● Problem details:
Below is a listing with pictures in it; transcribe exactly the lines from the one that has "F5 logo over metal rods" through the one that has "Вино Avignonesi-Capannelle 50", and omit those pictures.

● Extracted information:
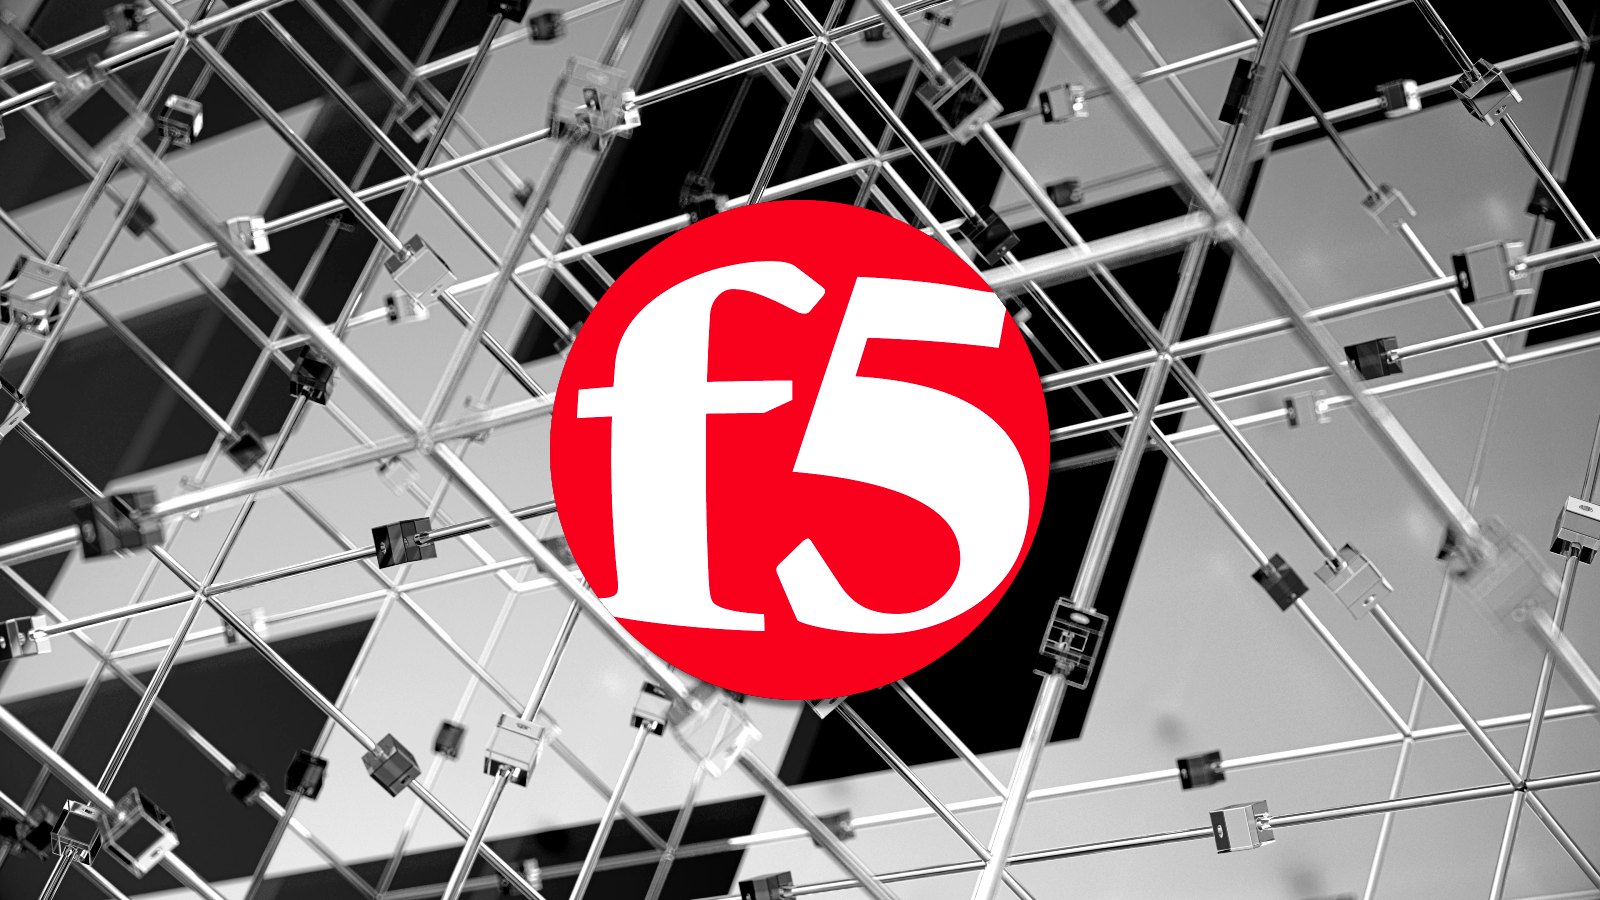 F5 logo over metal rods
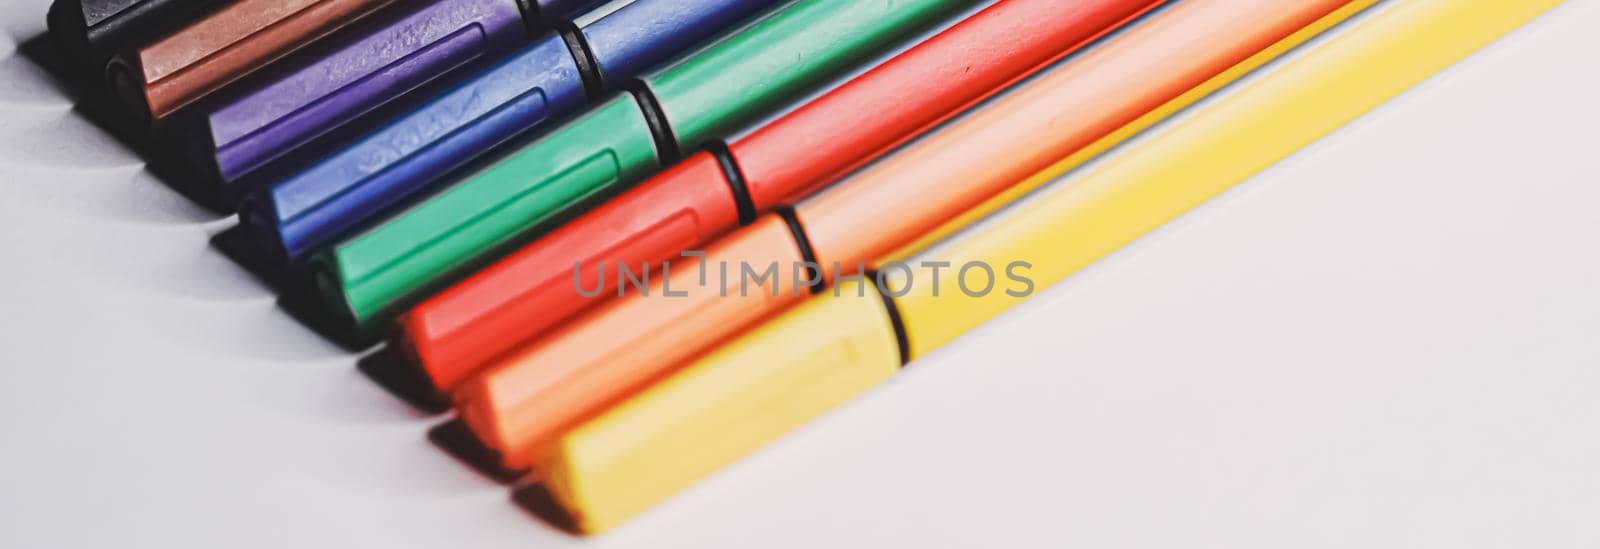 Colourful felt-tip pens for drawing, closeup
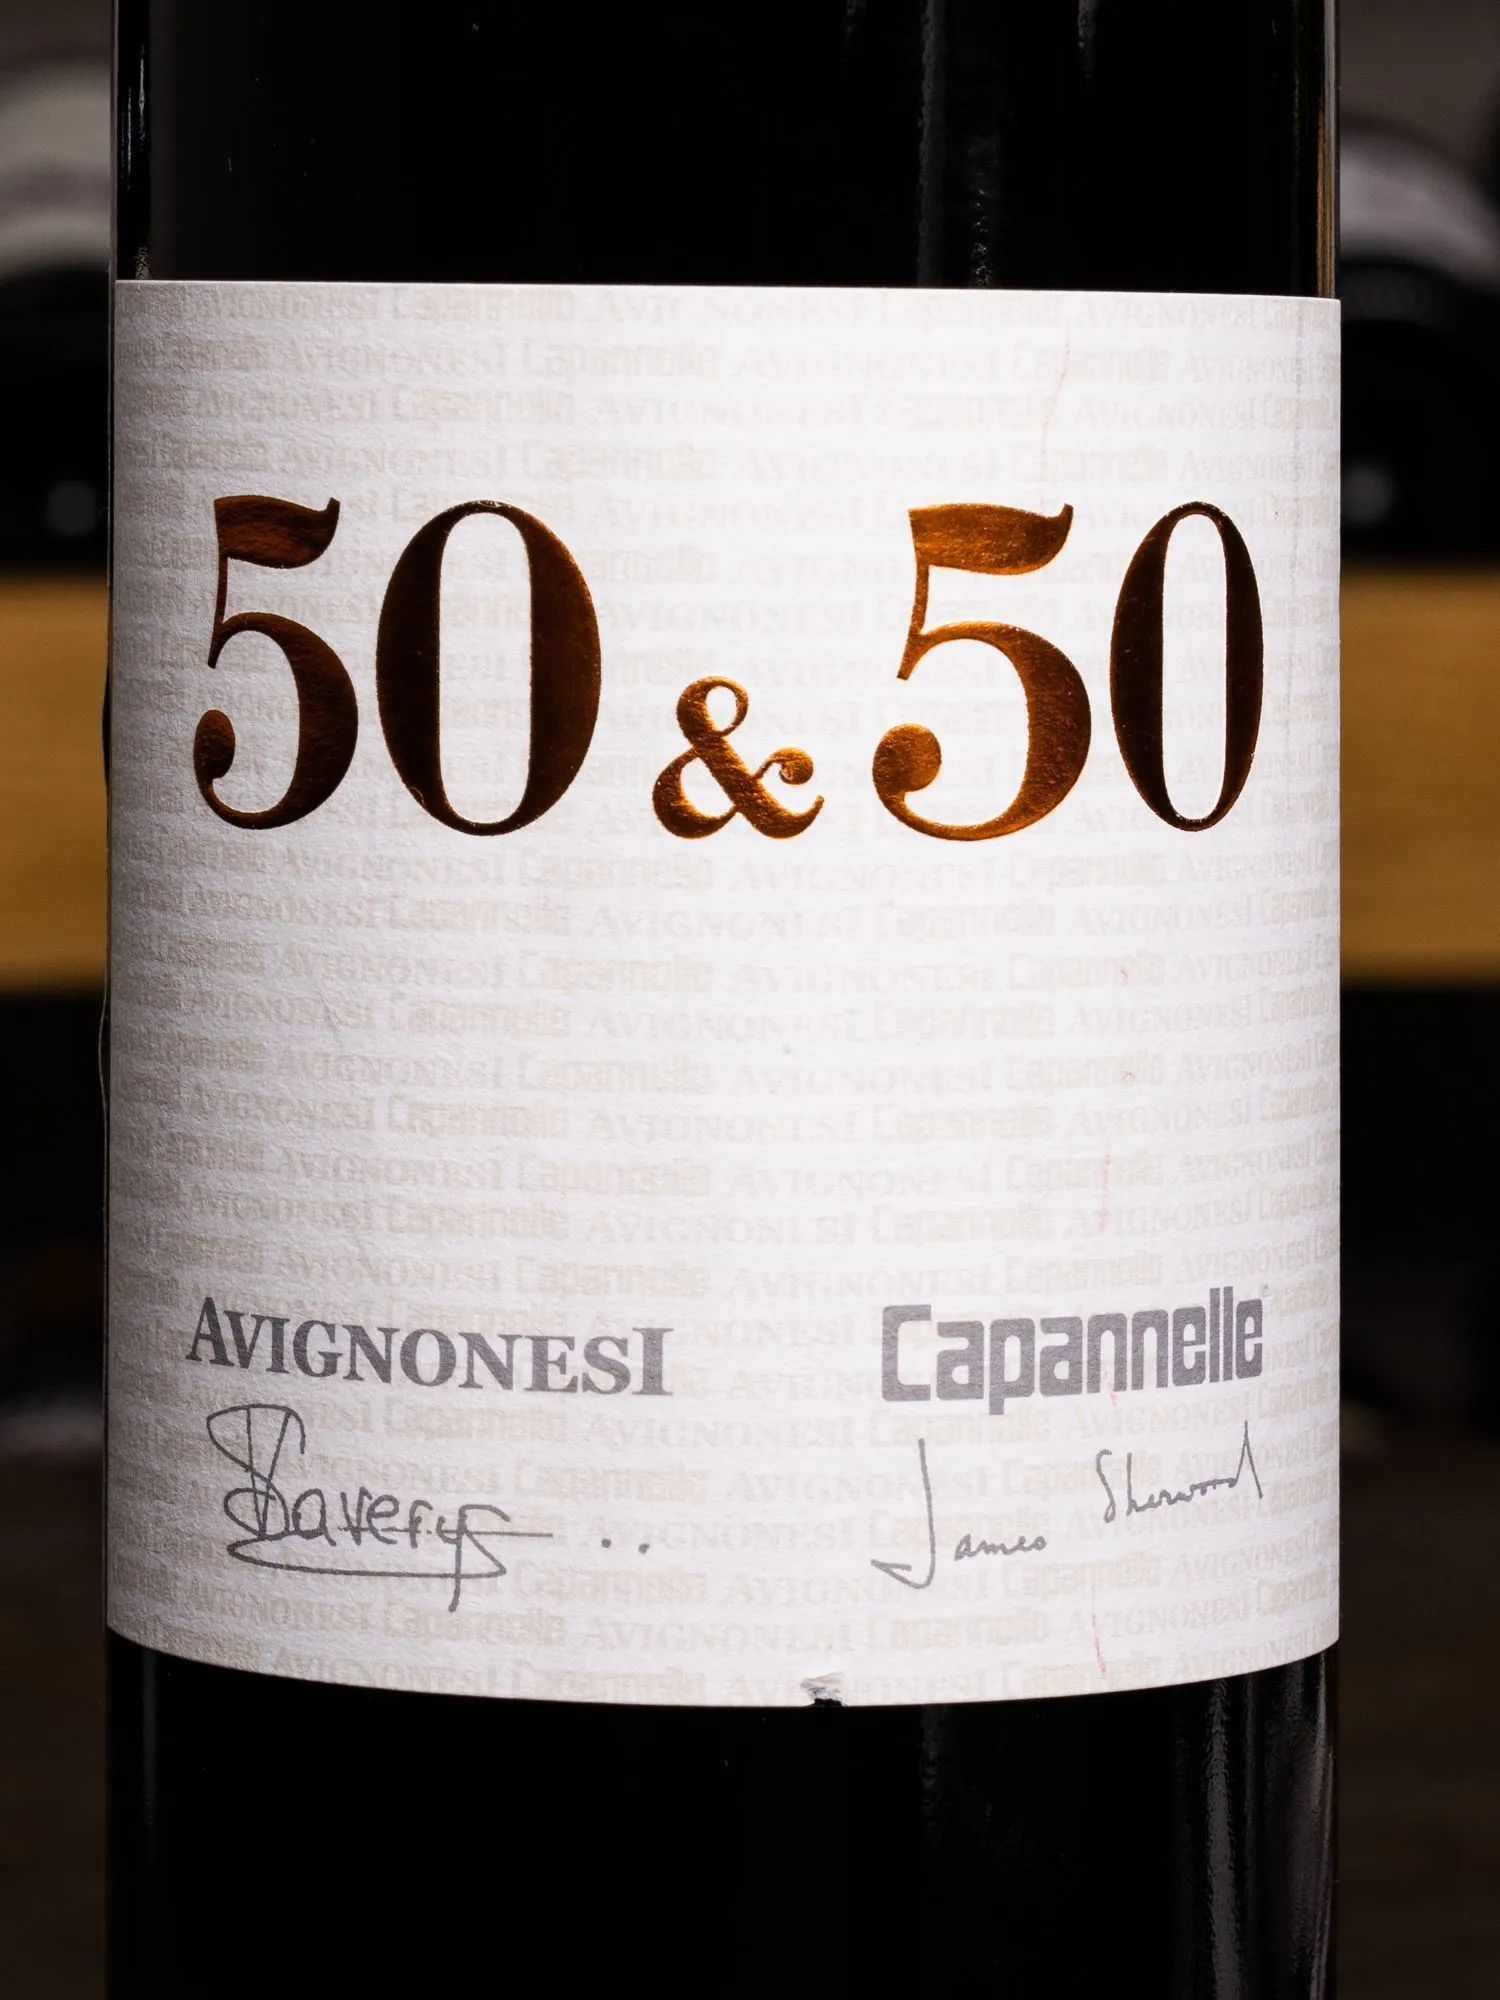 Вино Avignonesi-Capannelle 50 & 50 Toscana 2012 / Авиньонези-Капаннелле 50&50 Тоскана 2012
---
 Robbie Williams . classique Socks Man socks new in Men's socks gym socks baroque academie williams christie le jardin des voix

● Answer below:
 F5 logo over metal rods
 Colourful felt-tip pens for drawing, closeup
 Вино Avignonesi-Capannelle 50 & 50 Toscana 2012 / Авиньонези-Капаннелле 50&50 Тоскана 2012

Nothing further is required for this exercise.